А ведь было время, когда мы были счастливы. Втроем. Мы были одной семьей: я, Марк и Камилла. Одной счастливой семьей… Между нами царило полное взаимопонимание и никакой ревности или соперничества между мной и Марком, ведь мы с ним знали друг друга гораздо дольше. Напротив, мы оба просто одаривали ее своей безграничной любовью (каждый по-своему, каждый по мере своих возможностей). И она была по-настоящему довольна нами обоими и, в свою очередь, была щедра на ответные, не менее пылкие чувства. Казалось, ничто не в силах омрачить нашего, столь праздного существования. Однако закату ни на секунду не стоит игнорировать факт существования рассвета. А нам не следует забывать, что беда притаилась и терпеливо выжидает своего звездного часа. И как только мы посмеем запамятовать о том, что нечто, враждебное нашей идиллии, может возникнуть однажды и одним своим появлением перечеркнуть все надежды – оно не заставит себя долго ждать. Одним словом, дальше случилось то, что случилось. Камилла объявила, что беременна… Марк был безумно счастлив такому повороту событий, ведь уже очень давно мечтал о сыне. И вот, женщина, которую он любил больше жизни, собиралась подарить ему ребенка. Что чувствовал я на тот момент? Мне казалось, как будто сценарий в одночасье переписали, и у меня отобрали одну из главных ролей и понизили до участника массовых сцен. Но я не роптал, ведь для меня было истинной наградой видеть, как расцветала тогда Камилла. Она будто с каждым днем срока постигала все новые сакральные таинства, и эти таинства помогали ей раскрываться в своей истинной, ей одной свойственной, красоте.

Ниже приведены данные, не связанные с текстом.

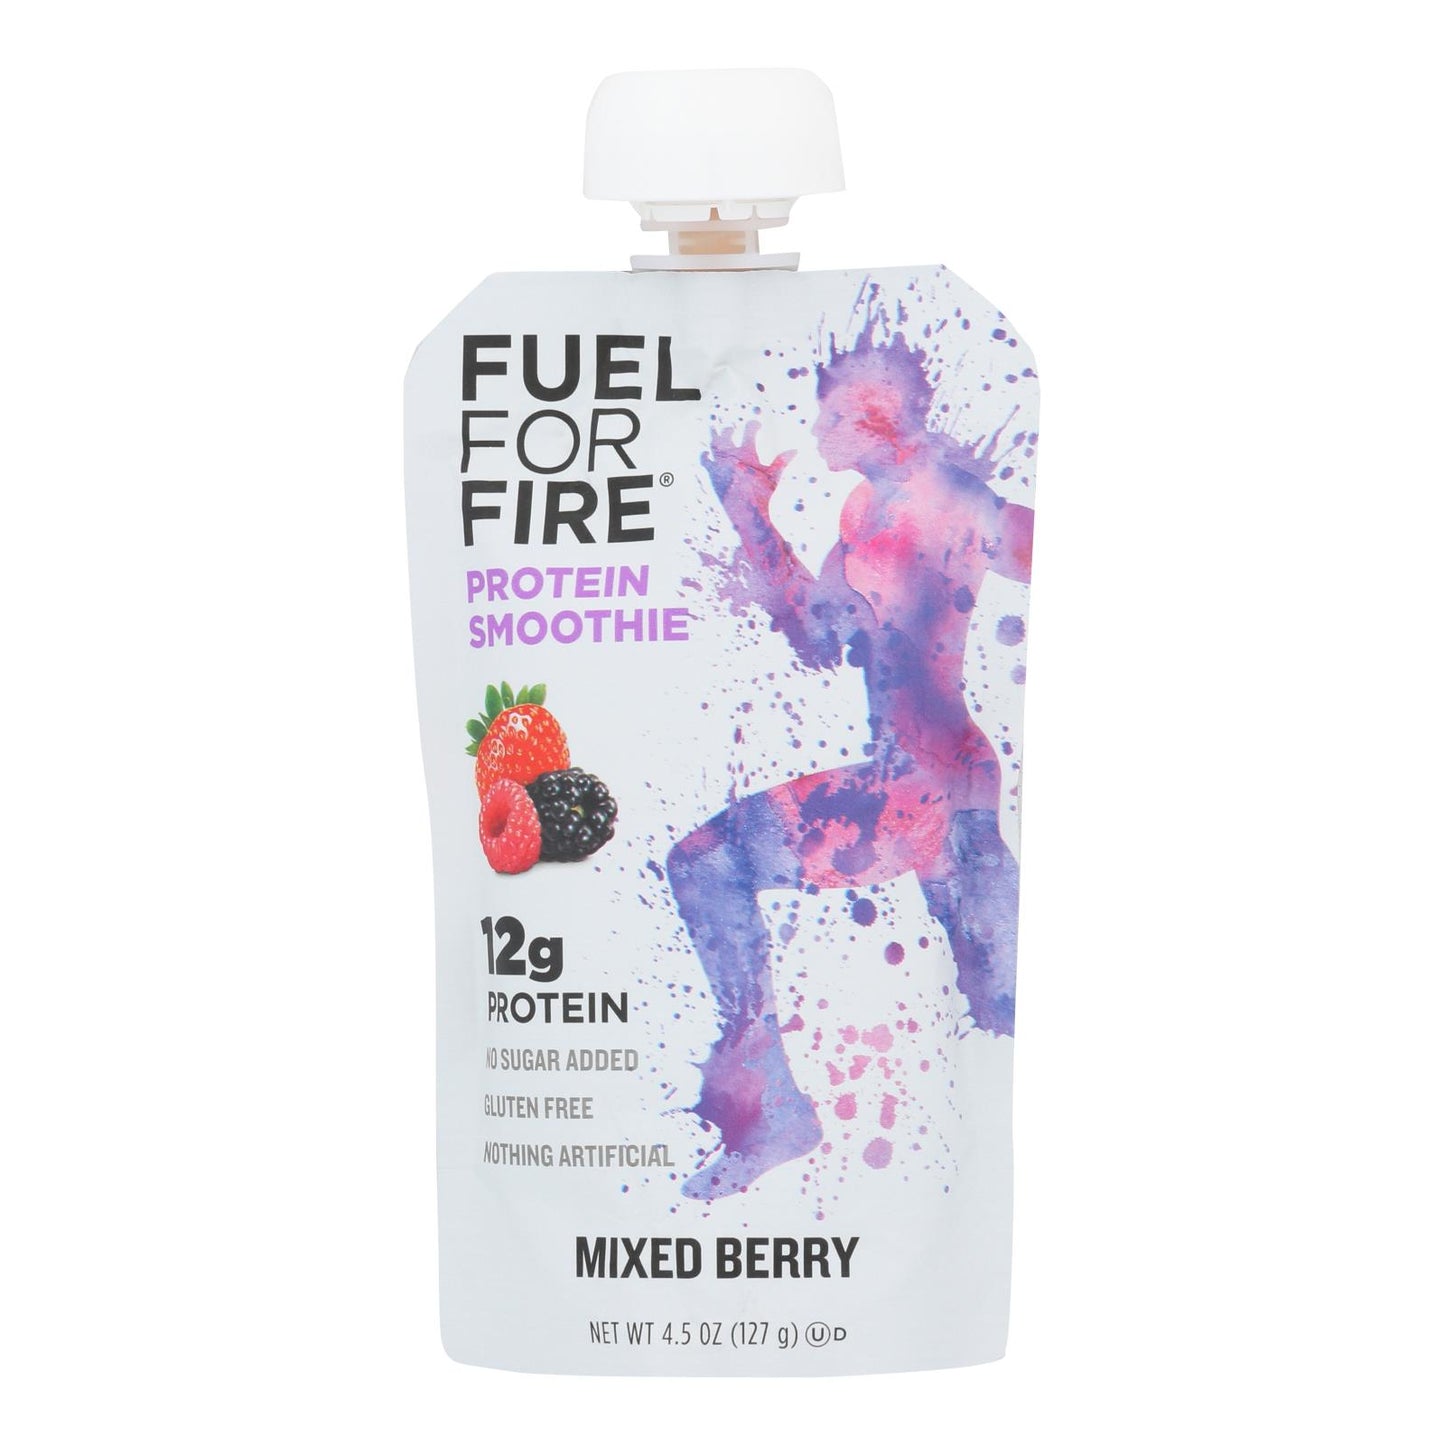 Fuel For Fire Mixed Berry Protein Smoothie, Mixed Berry - Case Of 12 - 4.5 Oz

Ребенок появился на свет раньше времени, слабым, болезненным и совершенно неприспособленным к жизни существом. К тому же, ребенок оказался еще и девочкой. В результате, с его рождением погибли все самые сокровенные мечтания, которыми тешил себя Марк в последнее время. Посчитав, что он и без того достаточно долго терпел Камиллу с ее абсурдными причудами, Марк ушел из семьи. Марк ушел, я, в свою очередь, остался. Потому что не мог поступить так по-скотски, особенно с нею. Я остался, чтобы продолжать быть рядом, чтобы учиться любить теперь их обеих, чтобы они ни на секунду не испытали потребности в искренней заботе. Я остался, чтобы ежечасно добросовестно осуществлять обещанное в тот день самому себе.

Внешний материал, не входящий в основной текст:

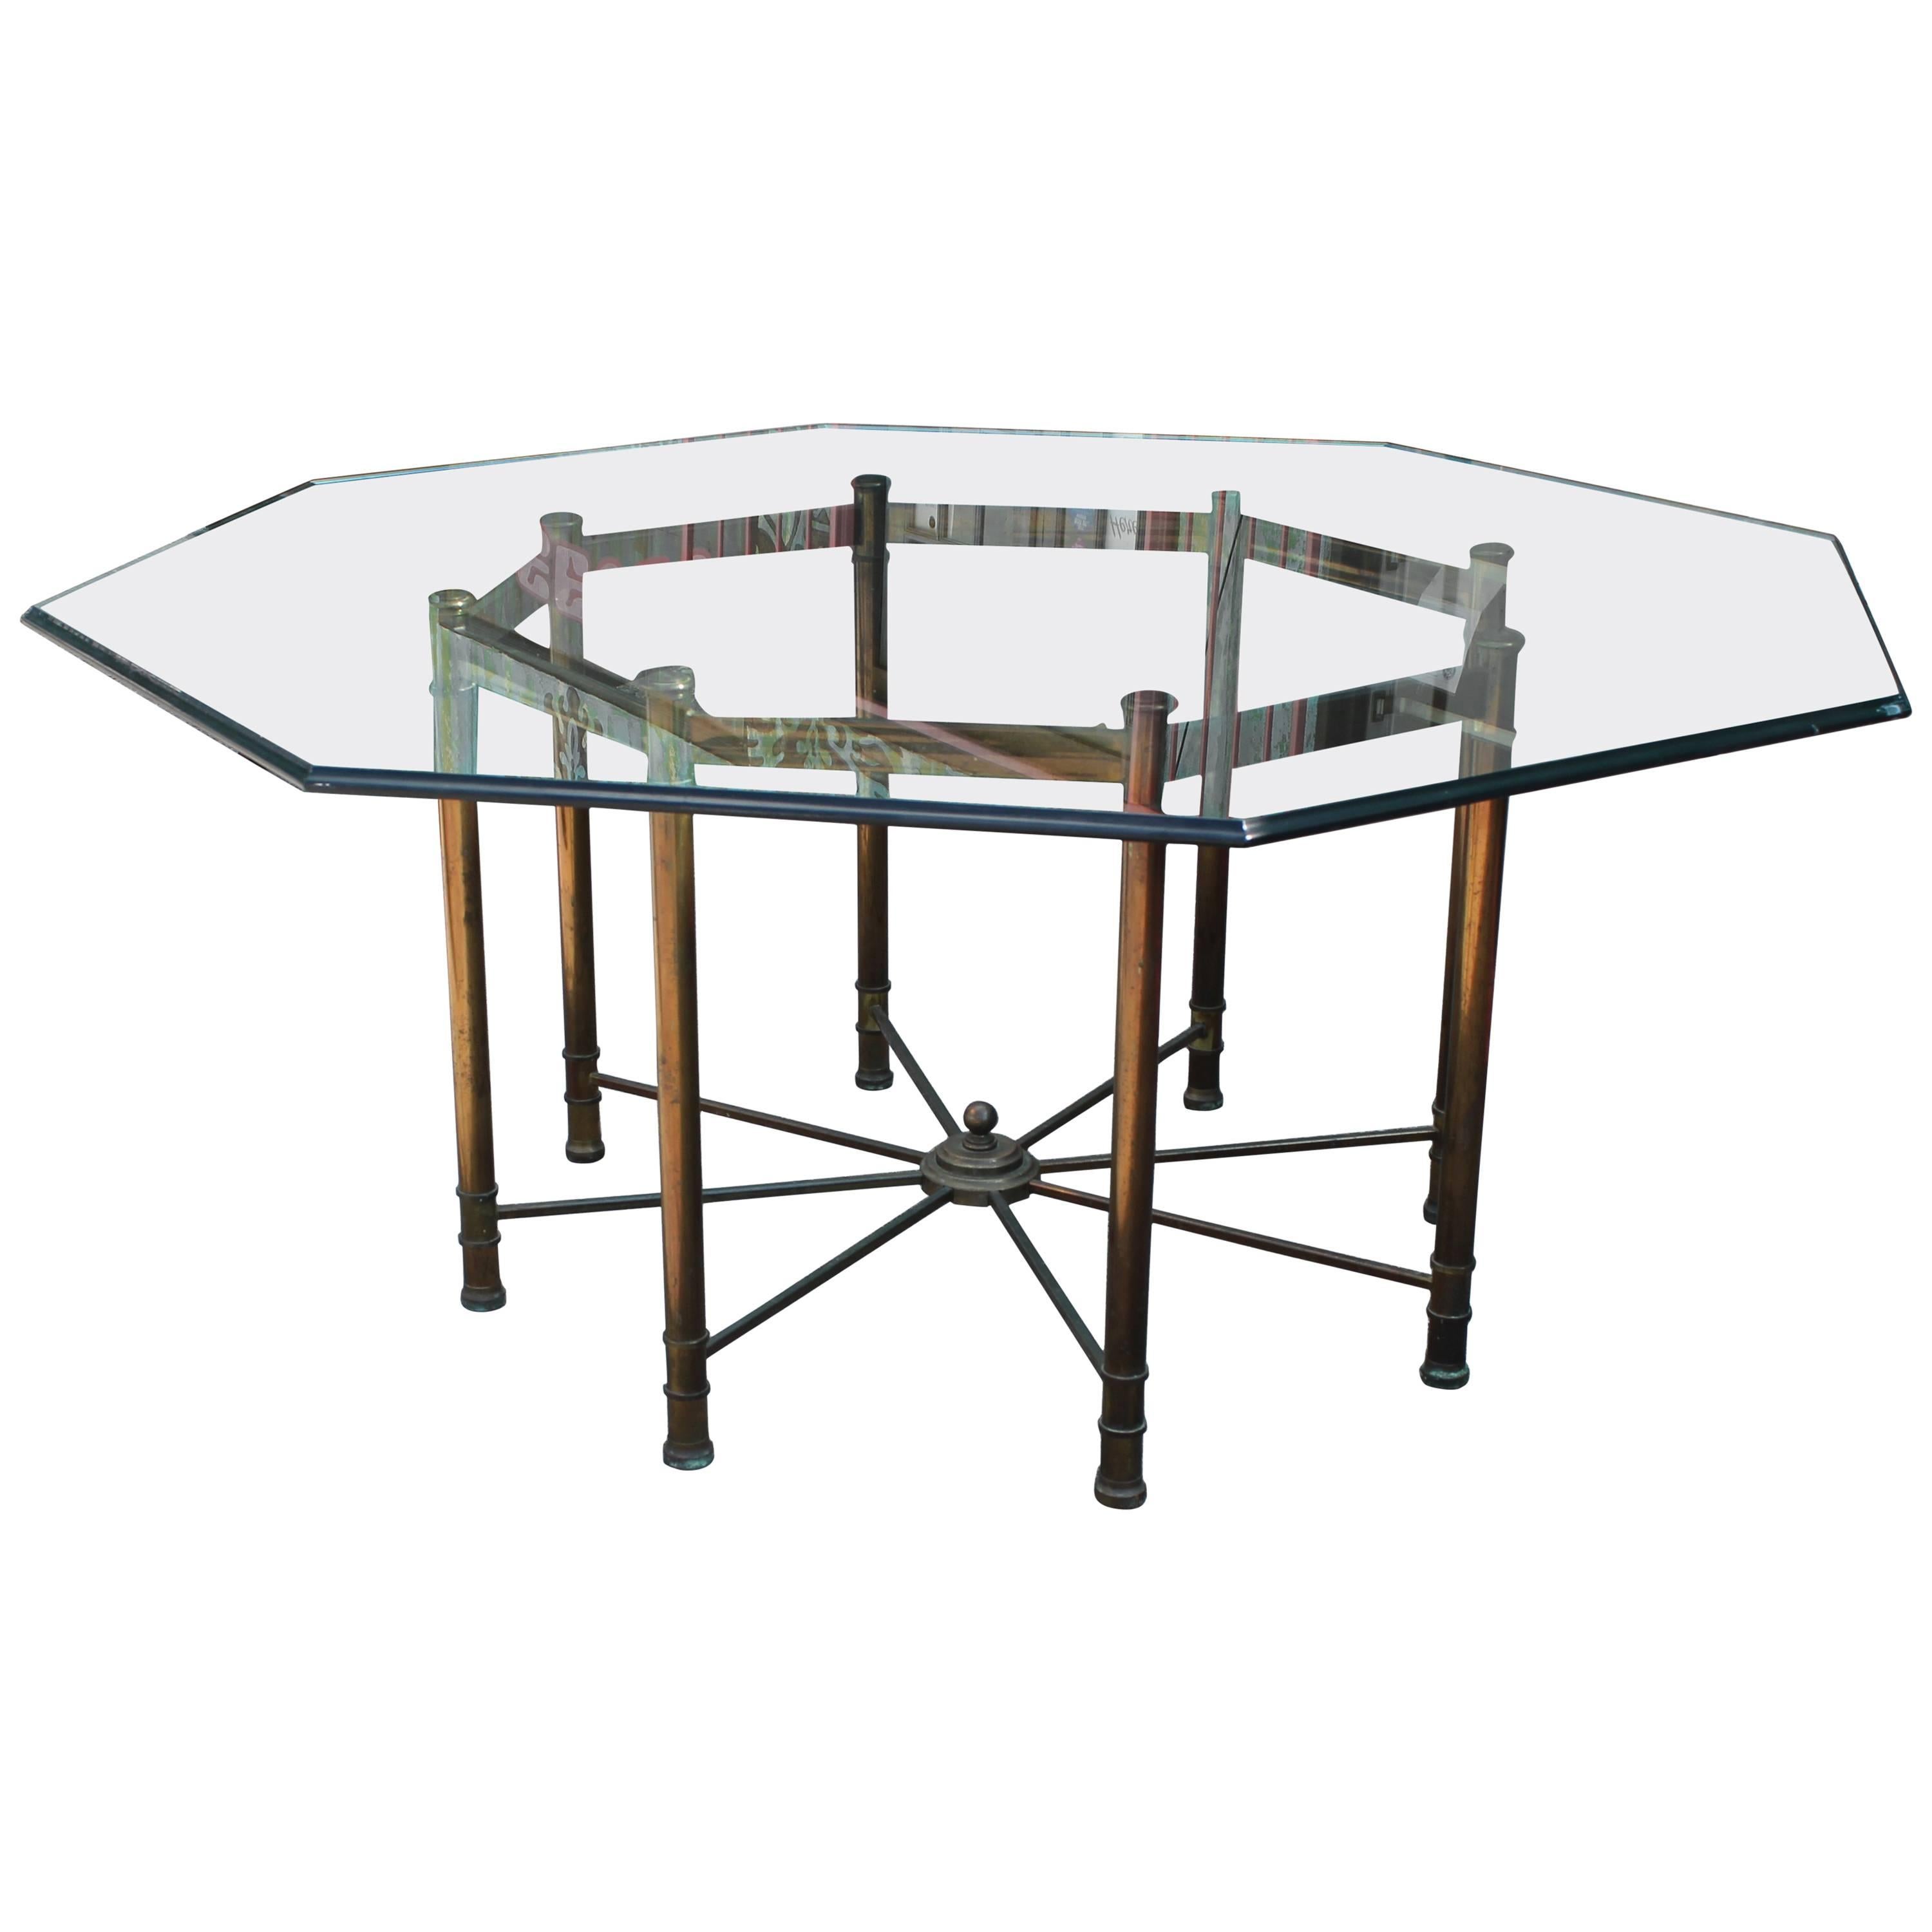 Hollywood Regency Mastercraft Brass and Glass Octagonal Dining Room Table

С того дня прошло уже почти два с половиной года. А теперь Камилла выглядит какой-то растерянной и постоянно плачет. Теперь передо мной, вдруг, стали захлопывать двери. Теперь я чувствую, будто что-то угрожающее нависло над Марлой, но мне по непонятным причинам не позволяют ее видеть. Я обязан проникнуть внутрь, мне необходимо понять, что именно с ней происходит, в противном случае, я не смогу обратить процесс.

Убедившись, что Камилле немного полегчало и пробыв с ней до тех пор, пока ее не сморил сон, я перешел к активным действиям. Ее мать ближе к ночи оставила пост, чтобы заняться кухней. Она прекрасно понимала, что ее дочери сейчас и без того проблем хватает. Дверь в детскую она предусмотрительно оставила едва приоткрытой, чтобы краем уха прислушиваться к неспокойному сну девочки. По мере того, как я приближался к узкой полоске вертикального полумрака, выглядывающего из-за двери,  меня попеременно охватывали достаточно неприятные эмоции, каждая из которых оказывалась гаже предыдущей.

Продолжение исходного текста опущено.